On the other hand, in the case shown in FIG. 4, the first thickness measuring device 381 measures the height position of the upper surface of the frame 301, and the second thickness measuring device 382 attaches it to the surface Wa of the workpiece W. The height position of the surface protection member T is measured, and the difference between the two measured values is calculated as the thickness of the workpiece W. Then, information on the calculated thickness of the workpiece W is, for example, transmitted to the control unit 9 and stored in the RAM.
The graph G2 shown in FIG. 5 shows the transition of the thickness of the workpiece W from the start of the thickness measurement of the workpiece W by the first thickness measuring means 38A shown in FIG. 4 to the time when an arbitrary time t1 has elapsed. It is an example of a graph.

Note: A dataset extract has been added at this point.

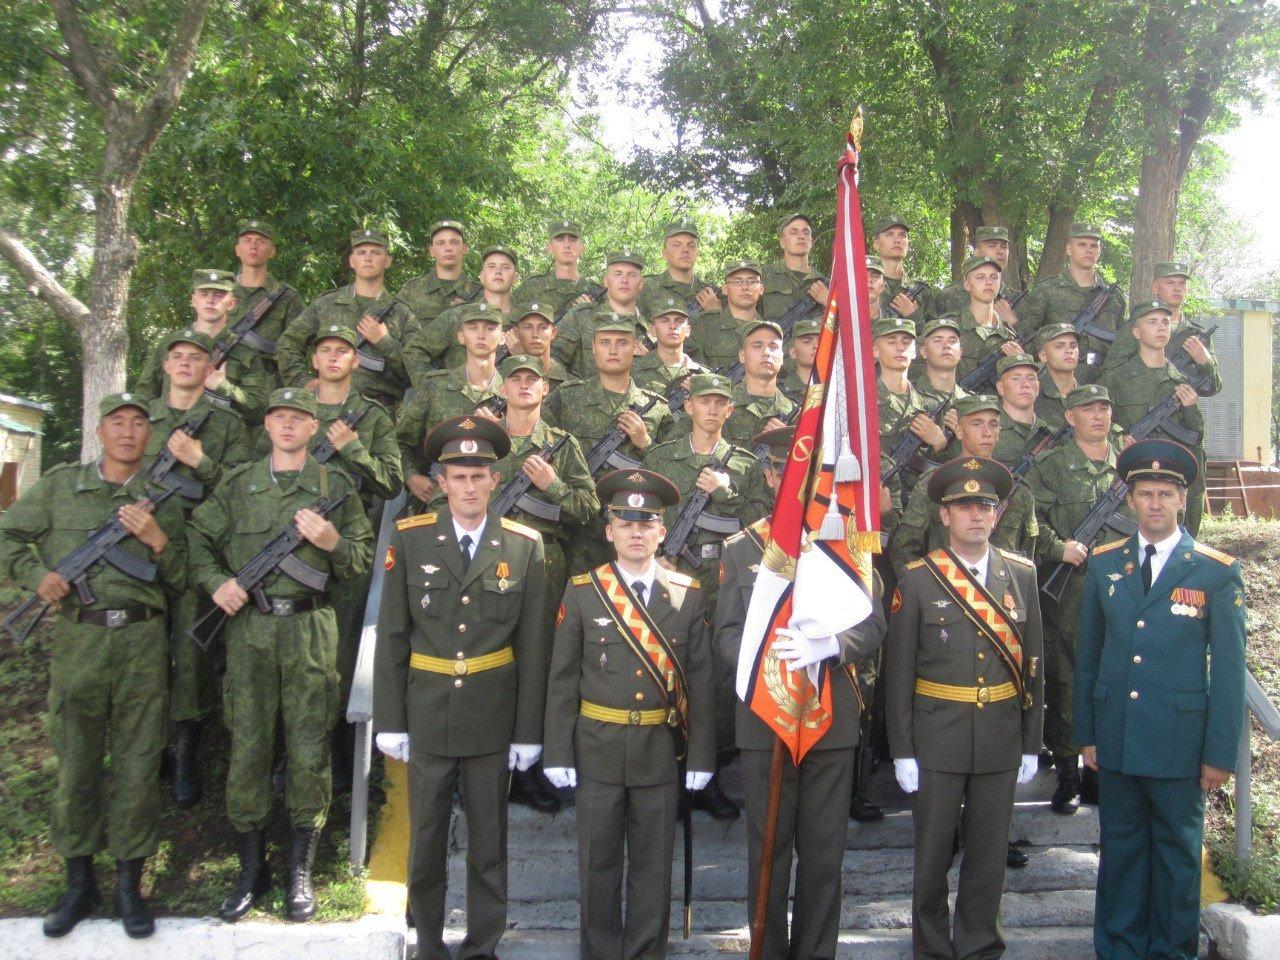 ВЧ 29753. Знамя 9-го полка

Since the back surface Wb of the workpiece W is silicon having a certain degree of hardness, in the thickness measurement of the workpiece W by the first thickness measuring means 38A in FIG. Sinking to the back surface Wb of the As a result, the thickness of the workpiece W indicated by the difference between the measurement value of the first thickness measurement device 381 and the measurement value of the second thickness measurement device 382 changes so much as the graph G1 shown in FIG. Therefore, there is not much difference between the thickness M1 of the workpiece W at the start of the measurement and the thickness M2 of the workpiece W at the time when an arbitrary time t1 has elapsed from the start of the thickness measurement of the workpiece W.
On the other hand, since the surface protection member T is an adhesive tape made of resin or the like and provided with a certain degree of flexibility, in the thickness measurement of the workpiece W by the first thickness measurement means 38A in FIG. The depression of the surface protection member T at 382 is large. As a result, the thickness of the workpiece W indicated by the difference between the measured value of the first thickness measuring device 381 and the measured value of the second thickness measuring device 382 is a graph G1 and a graph G2 shown in FIG. Compared with the above, the thickness M1 of the workpiece W at the start of the measurement shown in graph G2 and the thickness M3 of the workpiece W at the time when an arbitrary time t1 has elapsed from the start of the thickness measurement of the workpiece W There is some difference between them.

The control means 9 includes, for example, the calculation means 90 shown in FIG. The calculating means 90 changes the first thickness data measured by the first thickness measuring means 38A and the second thickness data measured after an elapse of an arbitrary time from the time when the first thickness data is measured. Calculate the quantity. In the thickness measurement step shown in FIG. 3 in the present embodiment, the first thickness data is, for example, the thickness M1 of the workpiece W at the start of measurement shown in the graph G1 of FIG. The thickness data is the thickness M2 of the workpiece W when an arbitrary time t1 has elapsed from the start of the thickness measurement of the workpiece W shown in the graph G1. Then, the calculating means 90 calculates, for example, (M1-M2), which is the difference between the thickness M1 of the workpiece W and the thickness M2 of the workpiece W, as the change amount (difference amount) of the thickness of the workpiece W Do.
In the thickness measurement step in the case shown in FIG. 4 in the present embodiment, the first thickness data is, for example, the thickness M1 of the workpiece W at the start of the measurement shown in the graph G2, and the second thickness data Is a thickness M3 of the workpiece W at the time when an arbitrary time t1 has elapsed from the start of thickness measurement of the workpiece W shown in the graph G2. The calculating means 90 calculates, for example, (M1-M3), which is the difference between the thickness M1 of the workpiece W and the thickness M3 of the workpiece W, as the amount of change (difference amount) in the thickness of the workpiece W. Do.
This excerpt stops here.